Hurry

When you want to hurry something, that means you no longer care about it and want to get on to other things.

— Robert Pirsig, Zen and the Art of Motorcycle Maintenance


Hurry

In human affairs of danger and delicacy successful conclusion is sharply limited by hurry. So often, men trip by being in a rush. If one were properly to perform a difficult and subtle act, he should first inspect the end to be achieved and then, once he had accepted the end as desirable, he should forget it completely and concentrate solely on the means. By this method he wold not be moved to false action by anxiety or fear. Very few people learn this.

— John Steinbeck, East of Eden


Busy

If you are too busy to read, you are too busy.

– Richard Foster
Freedom of Simplicity

Live Life’s Questions

I want to beg you as much as I can . . . to be patient towards all that is unsolved in your heart and try to love the questions themselves like locked rooms and like books that are written in a very foreign tongue. Do not now seek answers which cannot be given you because you would not be able to live them. And the point is to live everything.

Live the questions now. Perhaps you will then gradually, without noticing it, live along some distant day into the answer.

Take whatever comes with great trust, and if only it comes out of your own will, out of some need of your innermost being, take it upon yourself and hate nothing.

– Rainer Maria Rilke
Letters to a Young Poet 

Growth

Growth for the sake of growth is the ideology of the cancer cell.

Edward Abbey

Perhaps it is my natural temperament to do things deliberately and with purpose (after all, it is the tortoise who wins the race). Maybe it is my persistent skepticism. Quite possibly it is an outgrowth of my intuitive personality type (INTJ). Whatever the reason, I have always been resistant to Wall Street’s incessant demand for growth from public companies.

I have an MBA. I know that investors demand growth because growth drives the stock price up. And investors want the stock price to go up. Q.E.D. But at what price? And over what time horizon?

Yesterday’s announcement of the Pfizer / Wyeth merger reminded me of the long odds such marriages have at success. Depending on who you read, anywhere from 50 – 80 % of mergers fail – destroying vast amounts of shareholder value in the process. Why pursue such a risky strategy?
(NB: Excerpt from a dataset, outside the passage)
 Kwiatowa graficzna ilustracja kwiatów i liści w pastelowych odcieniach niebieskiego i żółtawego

I am in the process of launching a web-based career management site and if my nascent little company ever reaches the size that we have shareholders, we will continue to drive growth organically and sustainably. We will pay dividends to share the wealth. We will stop growing when doing so means preserving the long term viability of our enterprise.
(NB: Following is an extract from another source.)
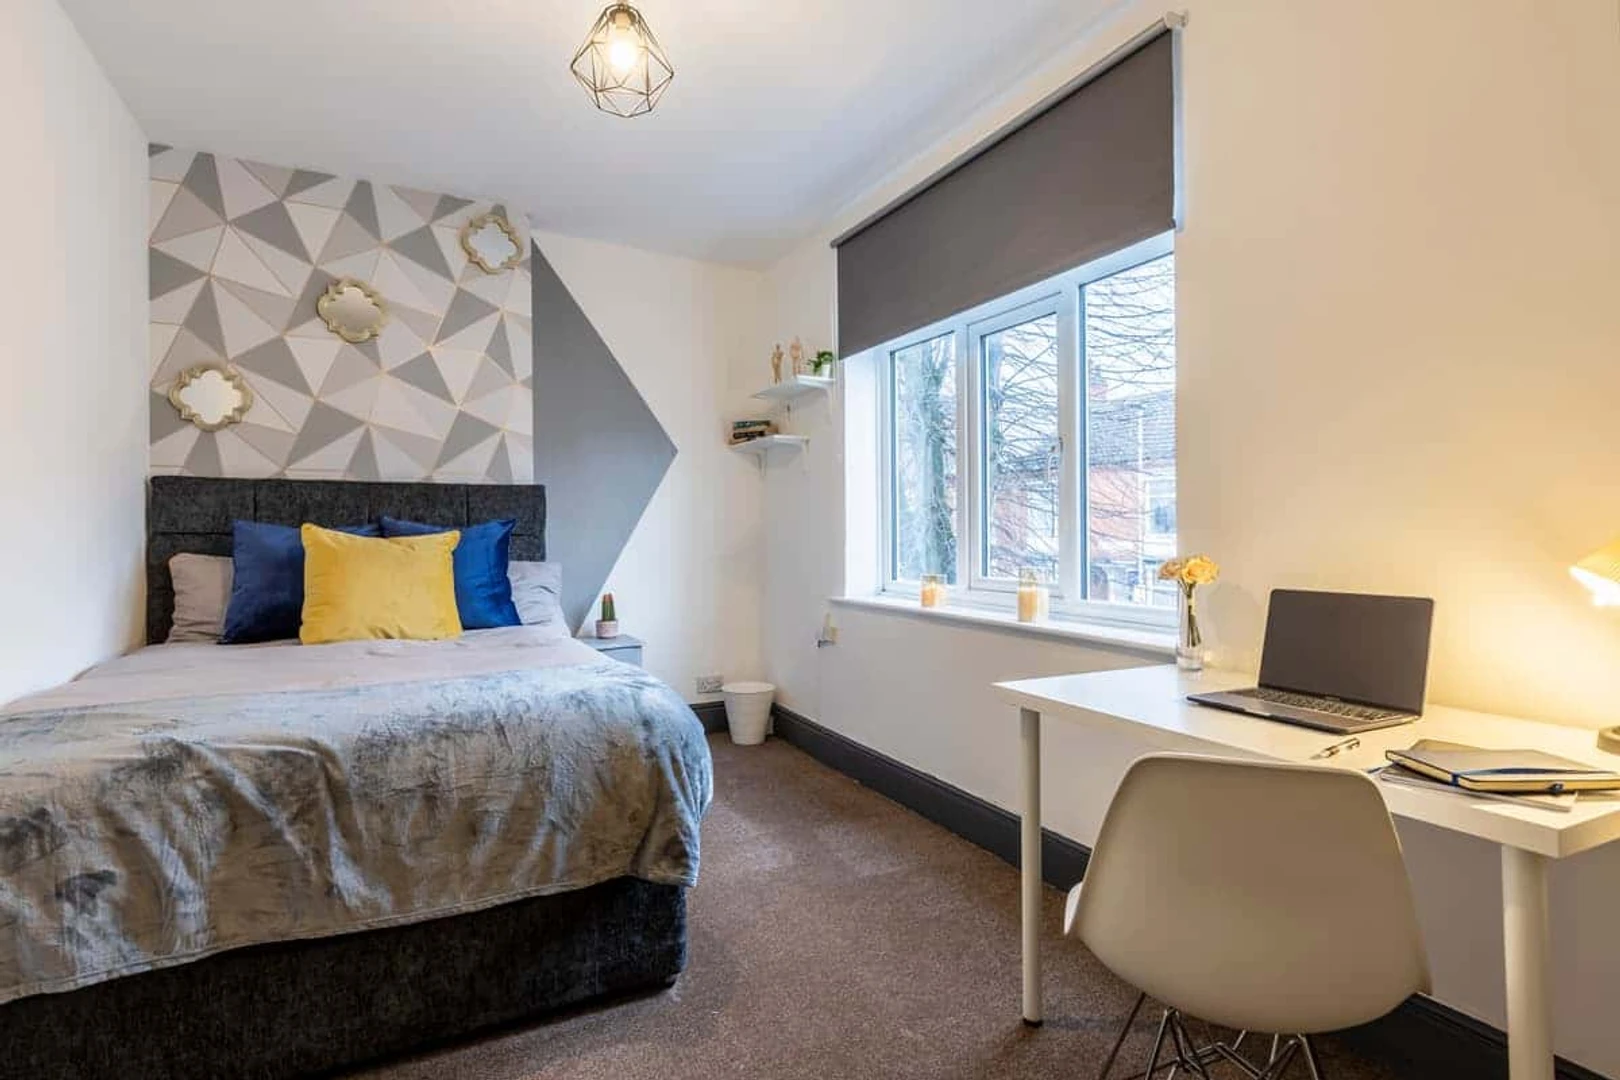 Alquiler de habitaciones por meses en Leicester

I have my suspicions as to why “growth at all costs” is so prevalent. Wall street and the board rooms of corporate America seemed to be fueled by transaction fees and bonuses. Filtering the behavior of corporate executives through these simple lenses reveals that short-term vision can be blinded to long-term implications. In any case, they would do well to behave less like a cancer cell and more like a redwood tree.

Reading

Books must be read as deliberately and reservedly as they are written.
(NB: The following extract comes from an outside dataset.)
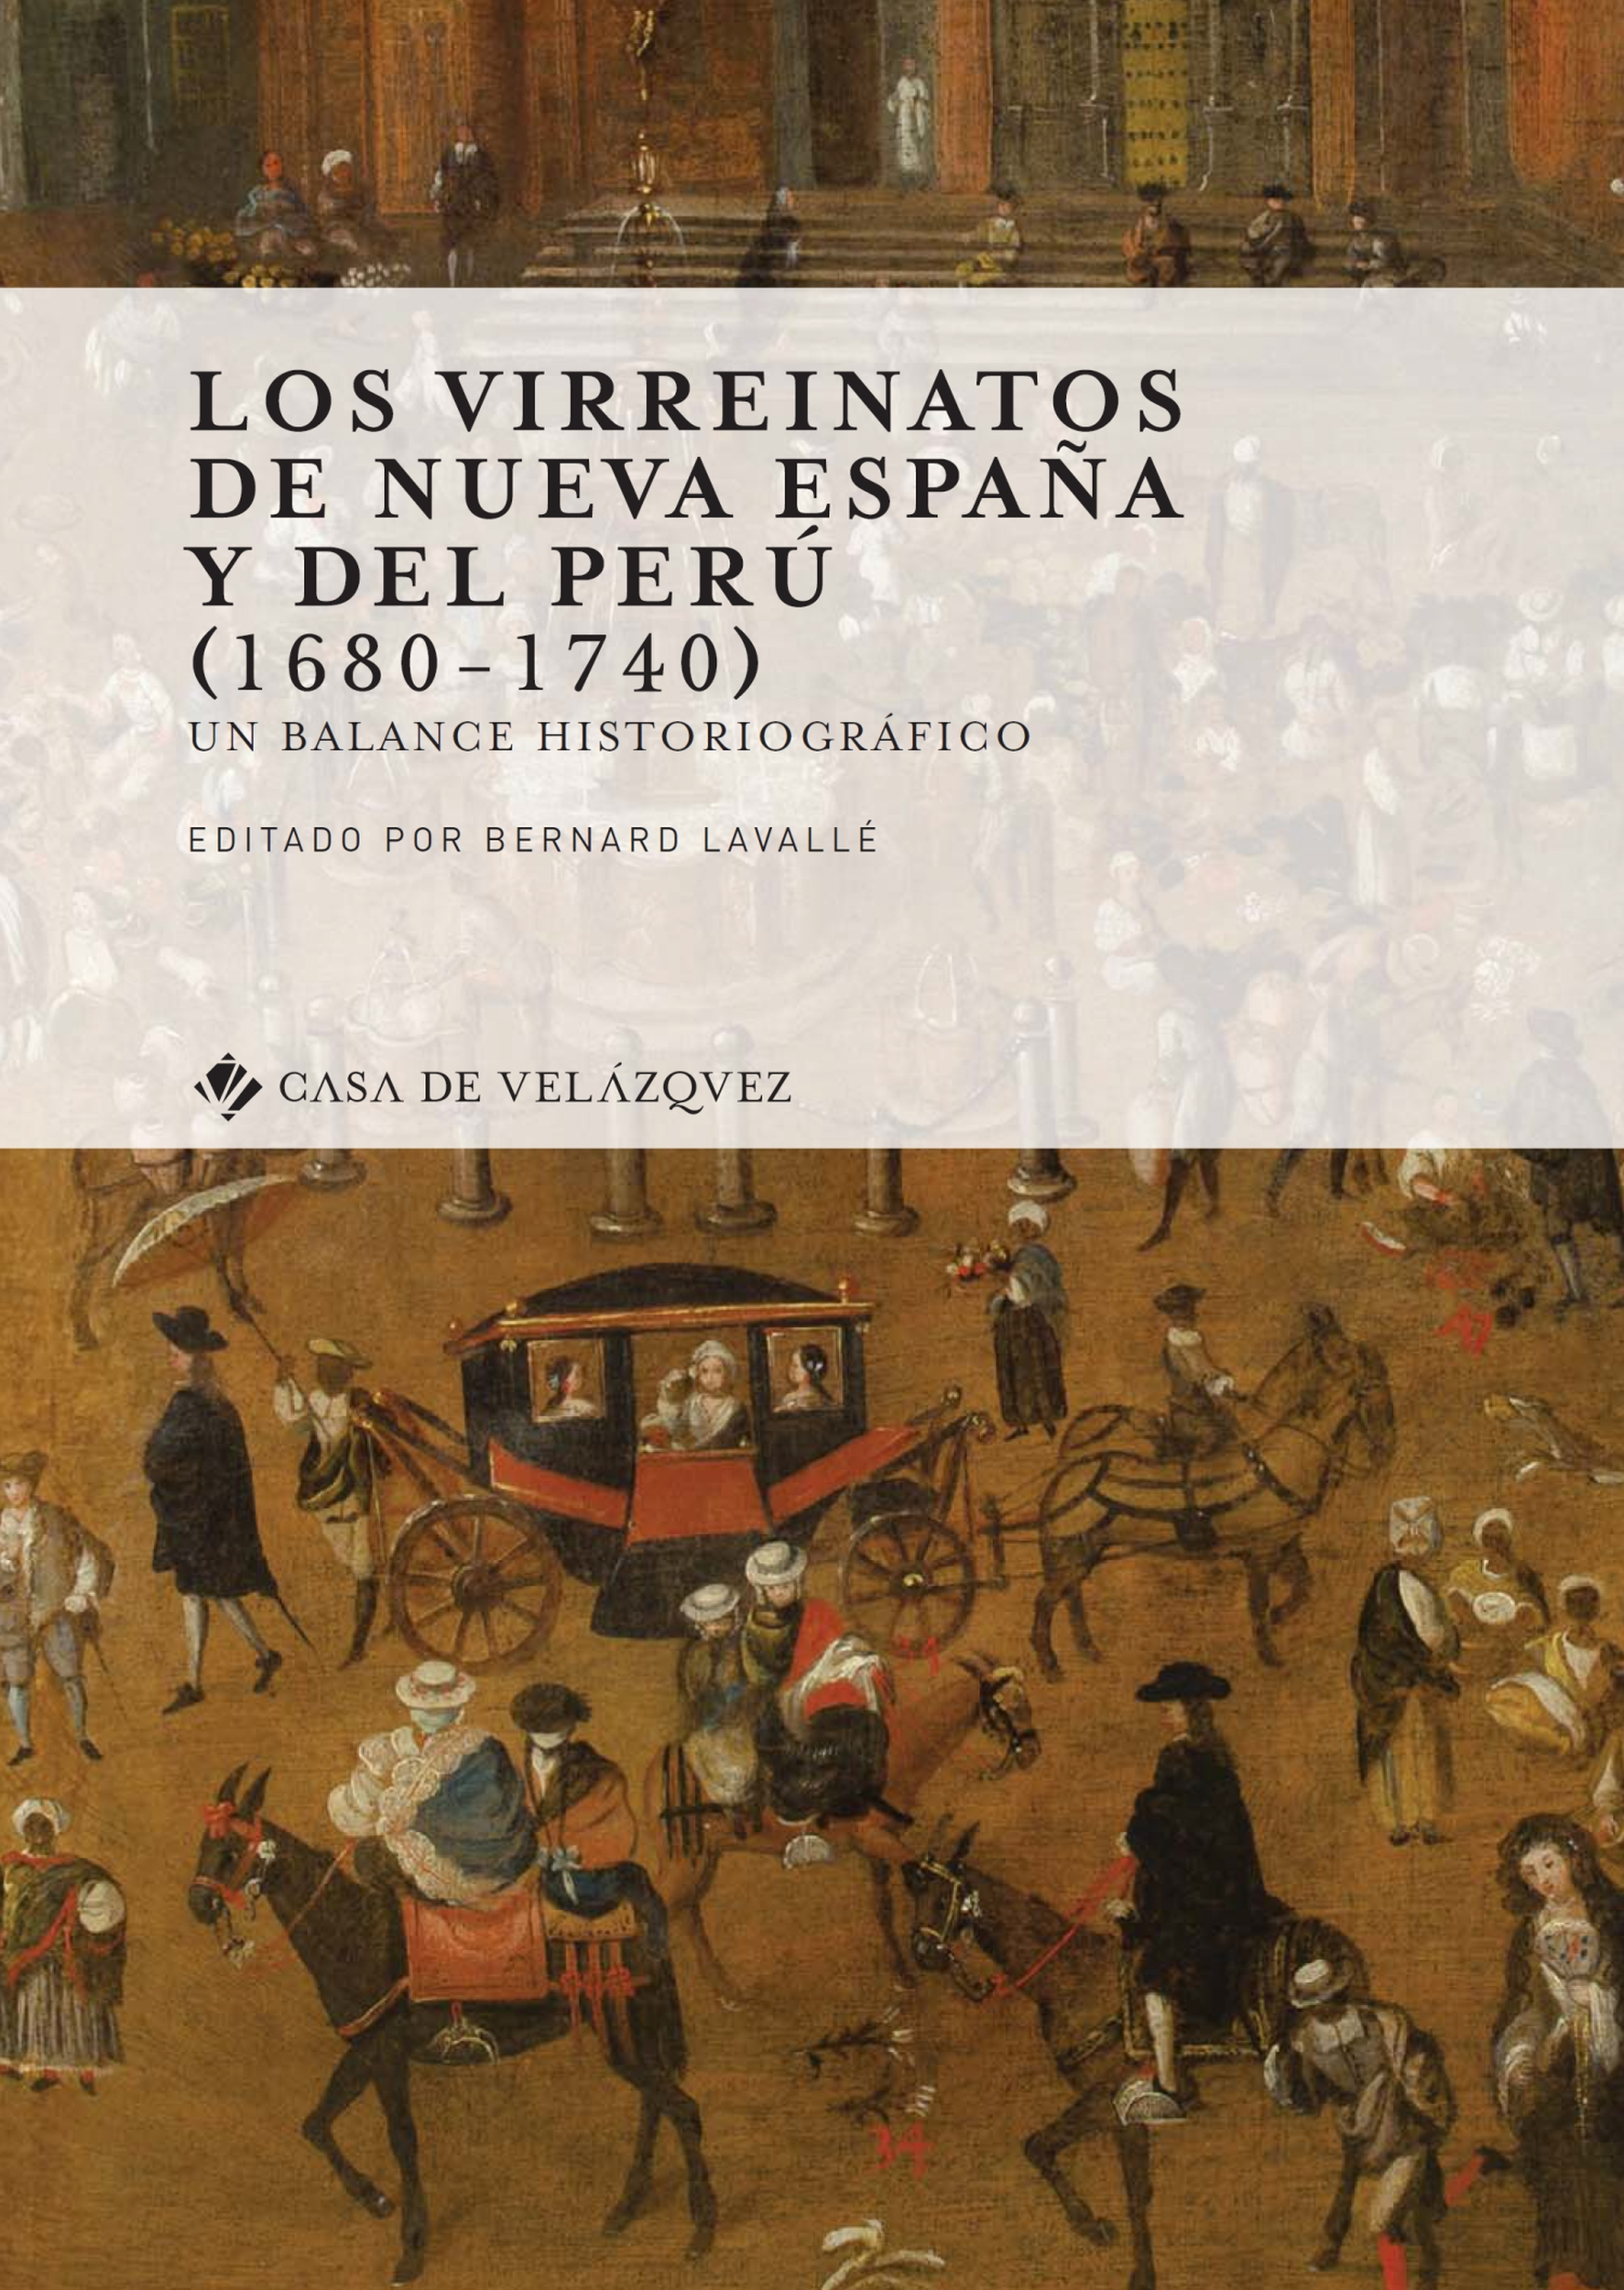 Ebook Los virreinatos de Nueva España y del Perú (1680-1740) - Un

– Henry David Thoreau, Walden

I have always been a deliberate reader. When I stumbled across this quote while reading Walden so many years ago, it simply gave me permission to enjoy the pace at which I read. Good writing is more than just conveying ideas or recounting a story. Good writing creates a mood, and images, and evokes emotions — and these cannot be digested while speed reading.

One of my favorite writers is Pat Conroy, and my favorite book of his is Prince of Tides. When I read this poetic prose I am drawn in to the rich and colorful images Conroy is able to create. Every sentence feels like a sculpture carefully crafted.

I had the opportunity to hear Pat Conroy speak shortly after the Prince of Tides was published. He described at length his mean and abusive father which he cataloged in The Great Santini. In a misguided attempt to protect his male children from growing up to be “sissies,” Pat Conroy’s father refused to let Pat learn how to type. As a result, Pat Conroy writes all of his book longhand.

I have concluded over the years that there is a qualitative difference between writing longhand and typing on a computer. When writing longhand the pen is an extension of my arm connected directly to my mind. With a pen in my hand ideas tend to flow more transparently onto the paper. The process is slow and deliberate. Ideas form and reform as they make their way down my arm and out through the nib of the pen. 

A computer and a keyboard represent a considerable barrier to the flow of ideas when compared to the simplicity of pen and paper. Although I touch type fluently, and have been for almost 30 years, my brain has to supervise as it translates my ideas into keystrokes which then emerge on a busy (and often distracting) computer screen. Granted, I can type much faster than I can write longhand, but this isn’t always a good thing. Some have accused Pat Conroy of sounding as if he swallowed a thesaurus. I know that his rich choice of words and images flows from the painstaking effort of forming every word slowly in his mind and then transferring them to paper through the fluid motion of his hand.